Day 1, 86 miles, Easthampton, MA, to Milford, CT
In almost every adventure I’ve embarked on, Day 1s have been awesome. Day 1s are full of hope, possibility, optimism and energy.
This Day 1 was no different.
I headed south out of Easthampton, on the Manhan Bike Path, at 7:30 a.m. A cold, gusty wind smacked me in the face most the morning, and my fully loaded panniers and bags act like a sail, catching every breeze.
But it didn’t matter. I was on my way to the unknown. I mean, not completely unknown because I do have a route and a plan. But I mean the unknown as in the day-to-day: who I might meet, what I might see, amazing and weird scenes I’ll happen across, and, inevitably, setbacks and triumphs.
A couple hours later I crossed into Connecticut, on the Farmington River Greenway bike path that starts in Westfield and goes all the way to Farmington. The sun was out (wind still blowing hard!) and I was making good time. By noon I crossed the Farmington River and it was turning into a gorgeous afternoon.
For this route, you get off the Farmington River bike path and ride on roads through Southington, CT, which is a nice town but has an eyesore stretch of road with every fast food and big box chain you can think of, and a lot of traffic. The payoff to surviving that turnoff is the New Haven-Northampton Railroad Canal Line, an awesome bike path that runs from Southington to Yale U. in New Haven. I definitely recommend this bike path– very smooth, lots of good restaurants right alongside, wonderful atmosphere.
I left the trail and headed through downtown New Haven, then out to West Haven for a great stop at the beach and a freezing plunge into Long Island Sound. The idea here is a Day 1 plunge in Long Island Sound, then a much more pleasant plunge into Long Beach to finish. Get it? Long Island, Long Beach? (It’s the little things.)

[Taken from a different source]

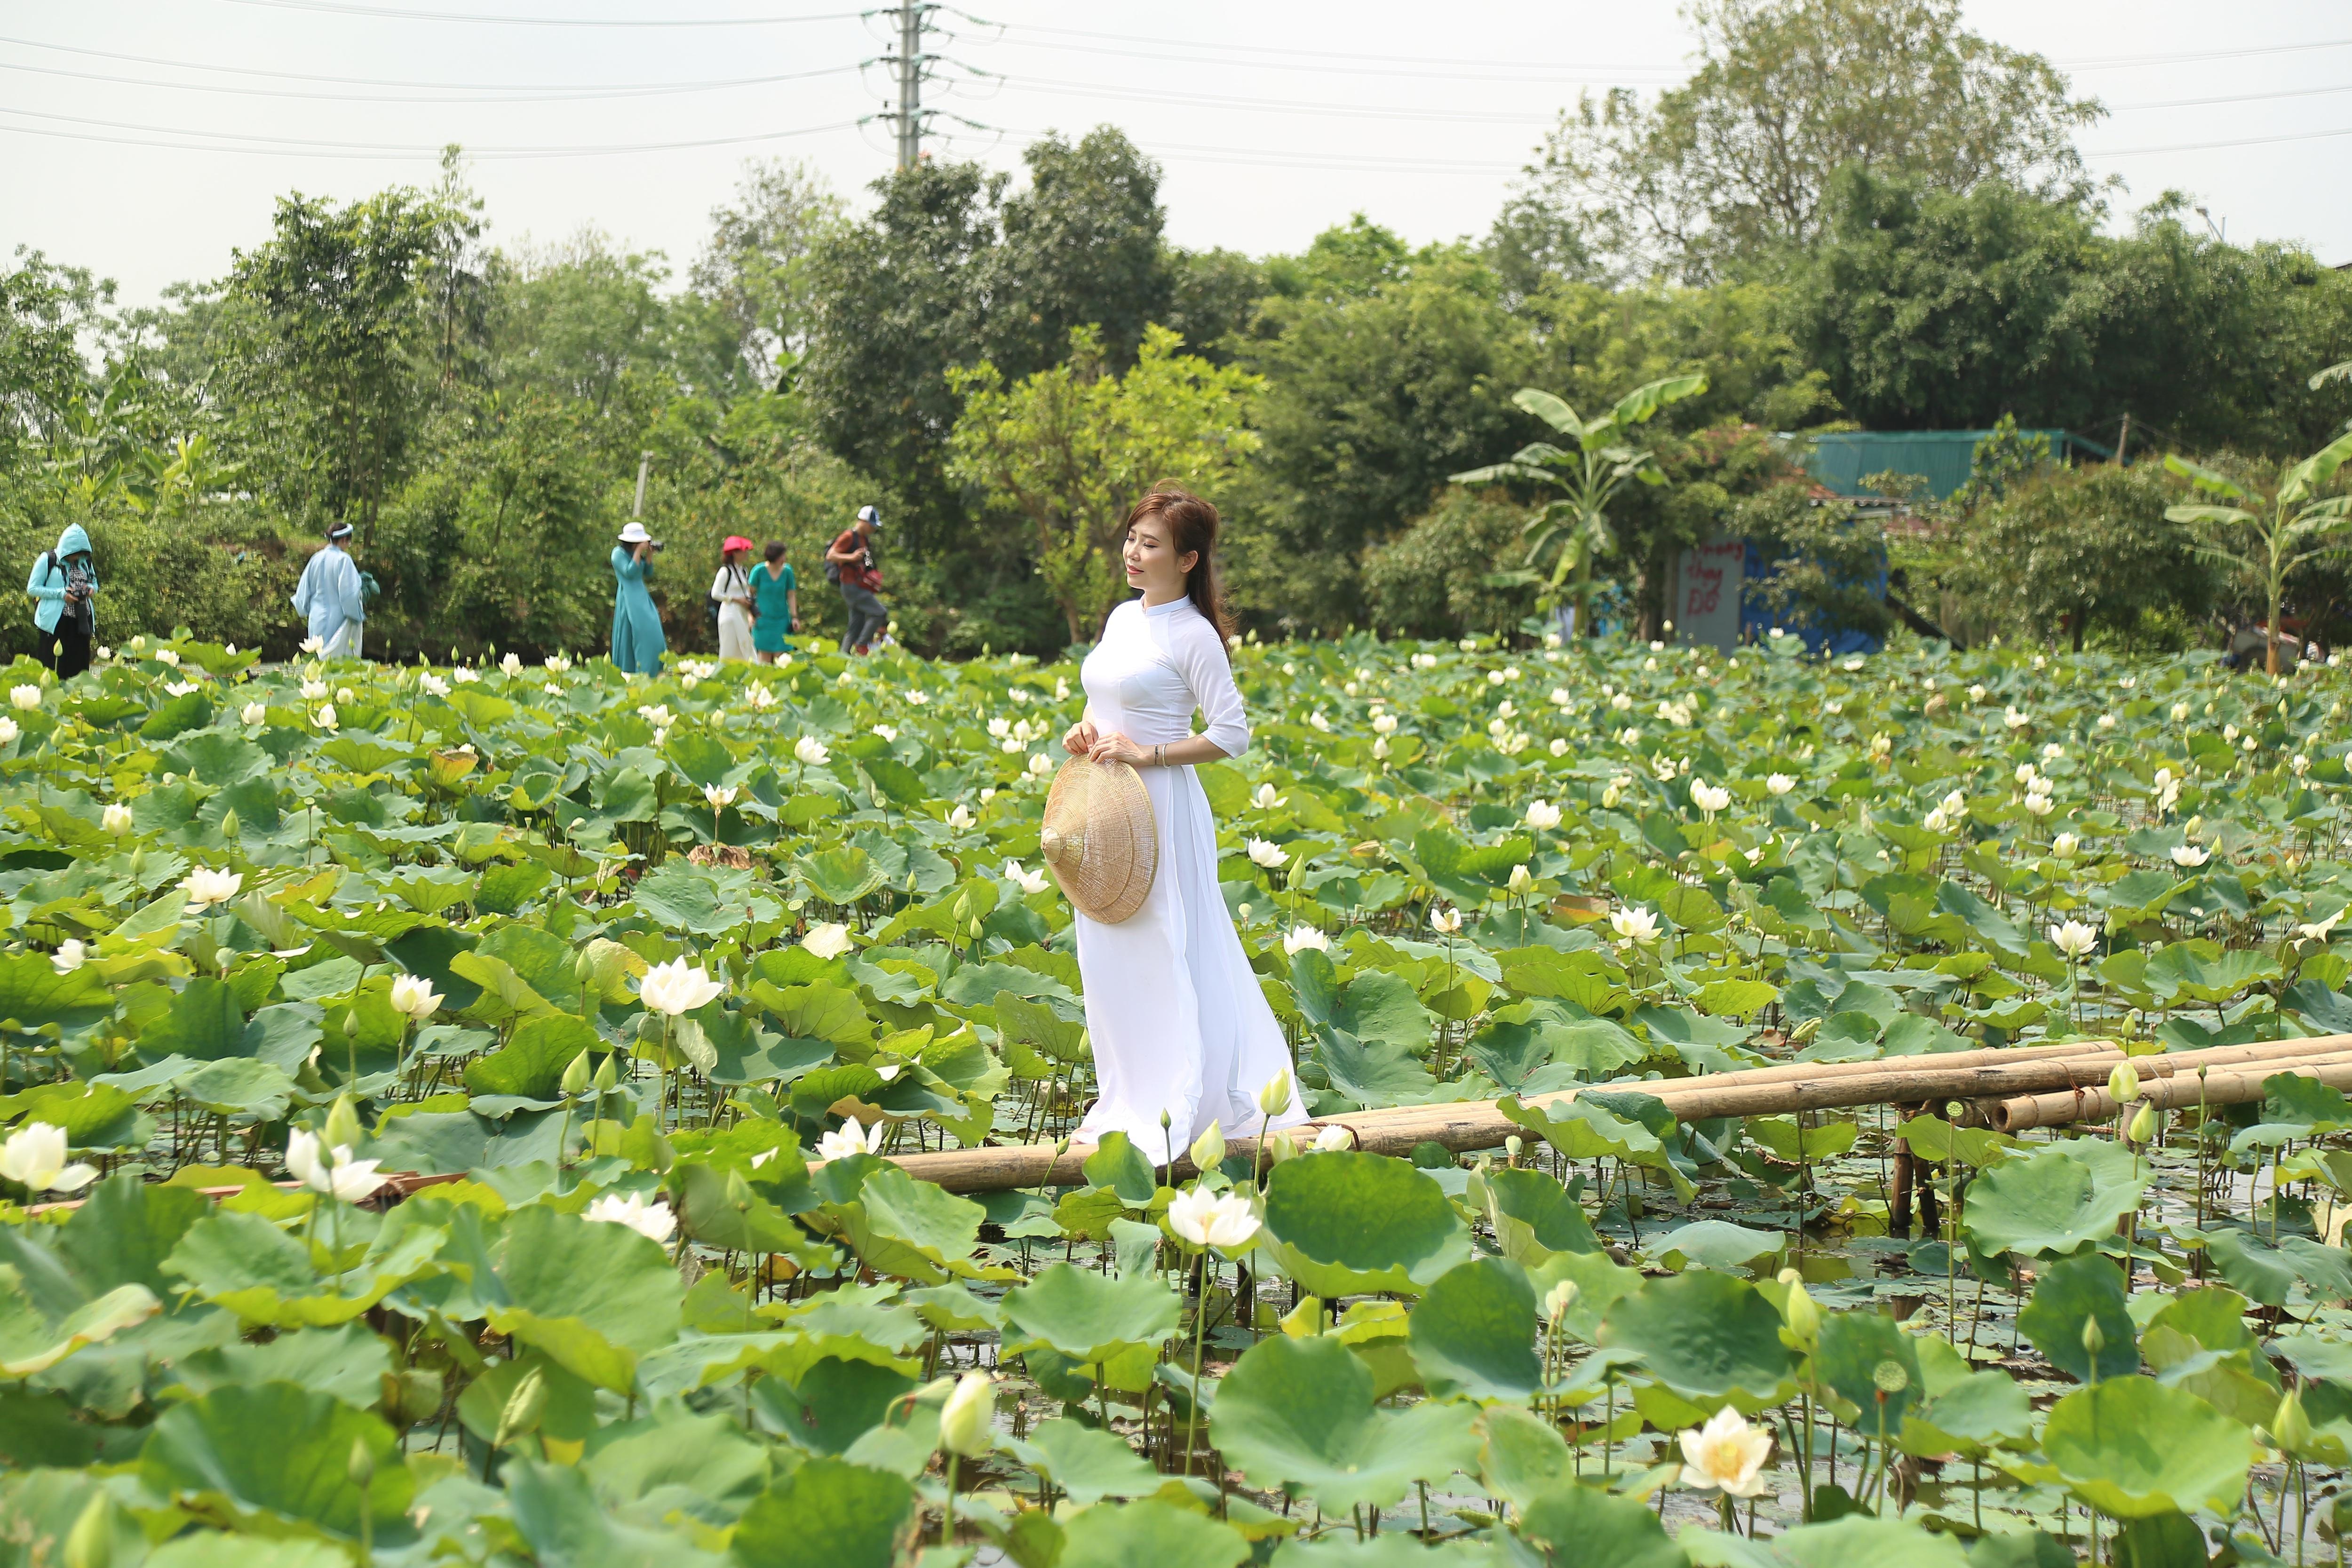 Hà Nội: Kiếm tiền triệu từ nghề trồng hoa sen trắng - 4
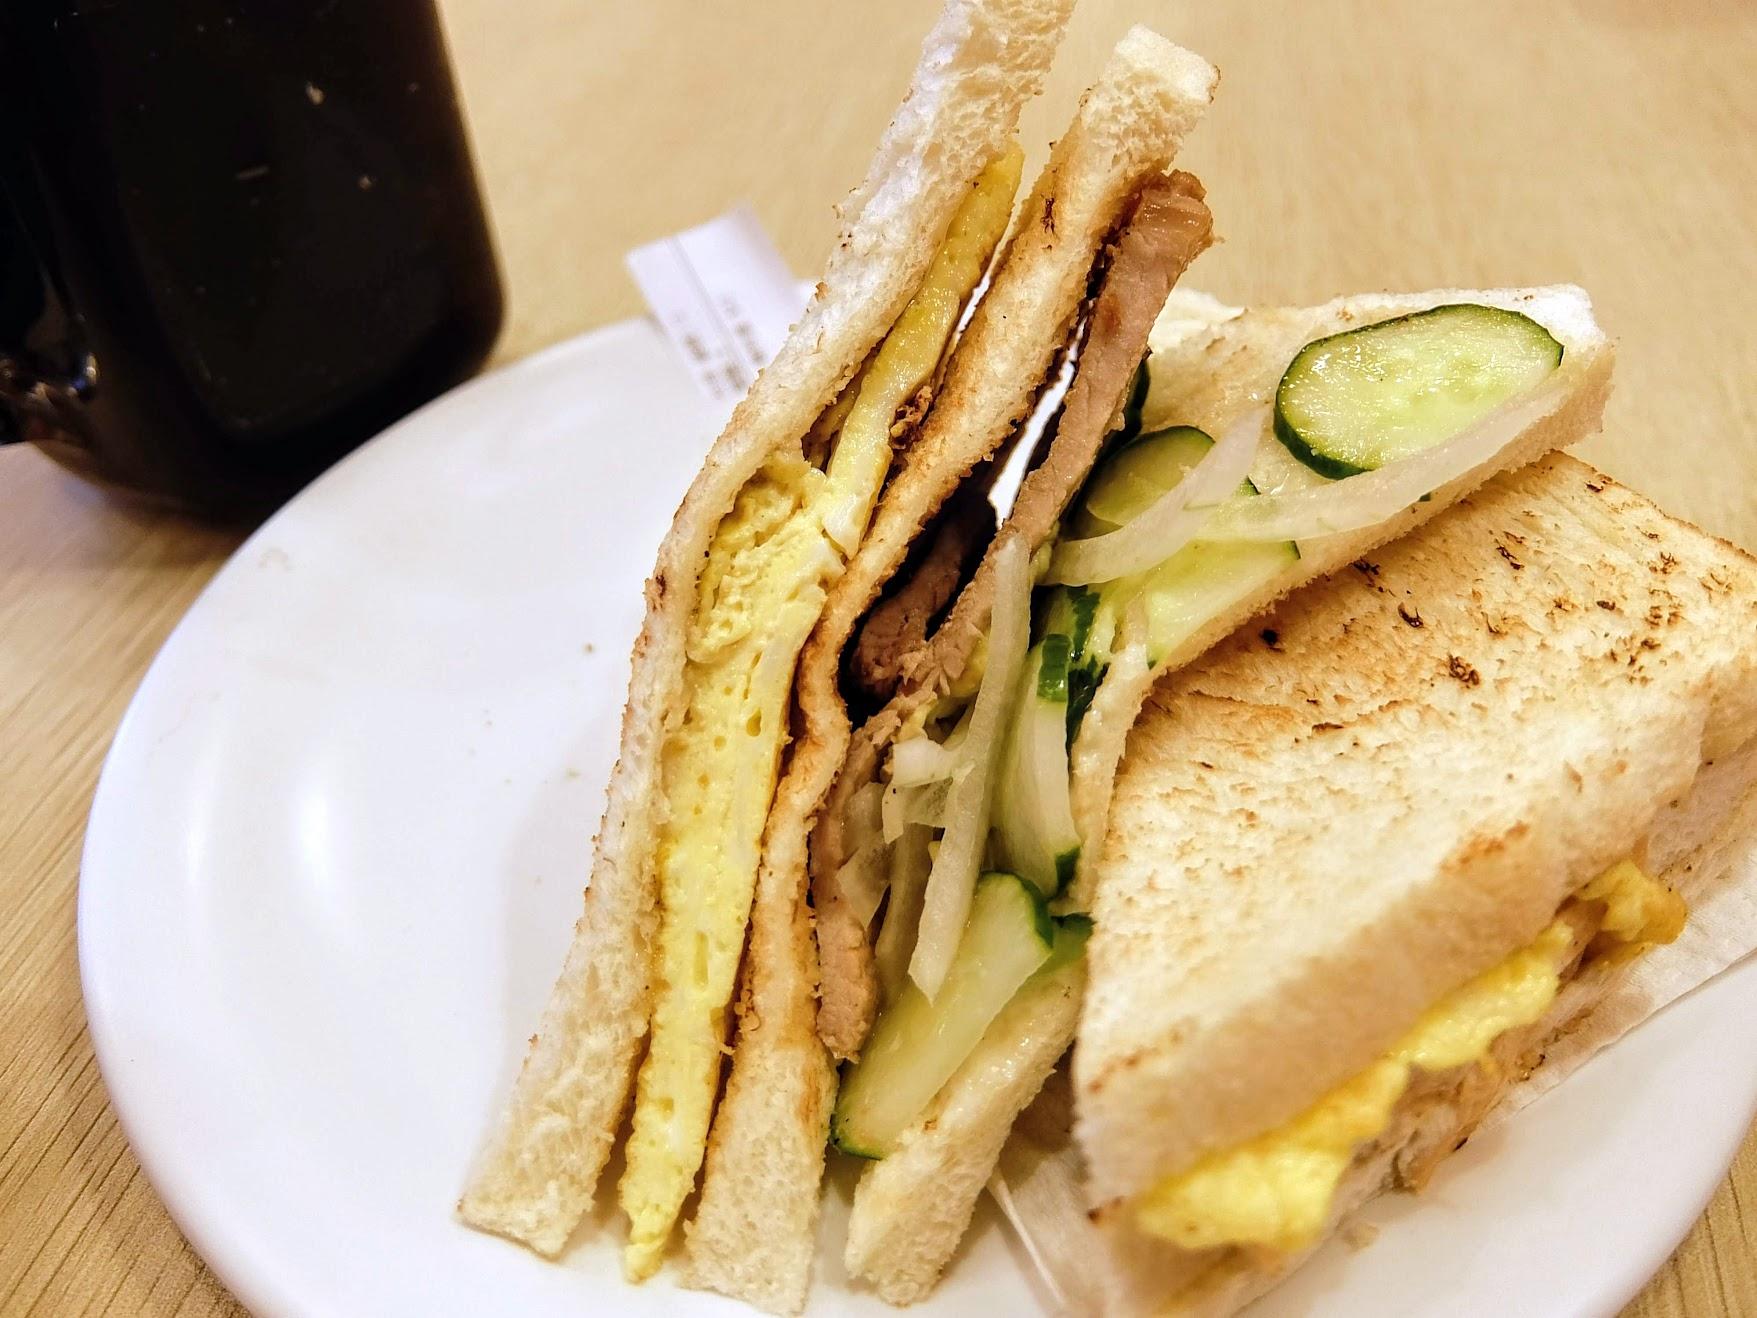 麵包中間夾著蛋/蜜汁烤肉/黃瓜/洋蔥等...

So after about a year of planning and a few months of cold rides on nearly every road in the Valley and beyond, this Day 1 was a welcome end of the preamble and a beginning of the actual journey.
One thing I’ve learned though: you can’t depend on Day 1s. They’ll trick you into believing the entire adventure will be like the start, and that you’ll always have the energy for it that you do today. We adventurers well know that is not the case. There will be slogs in the future, of that I’m certain.
So I’m saving this Day 1, and hoping to extend the feeling as long as possible.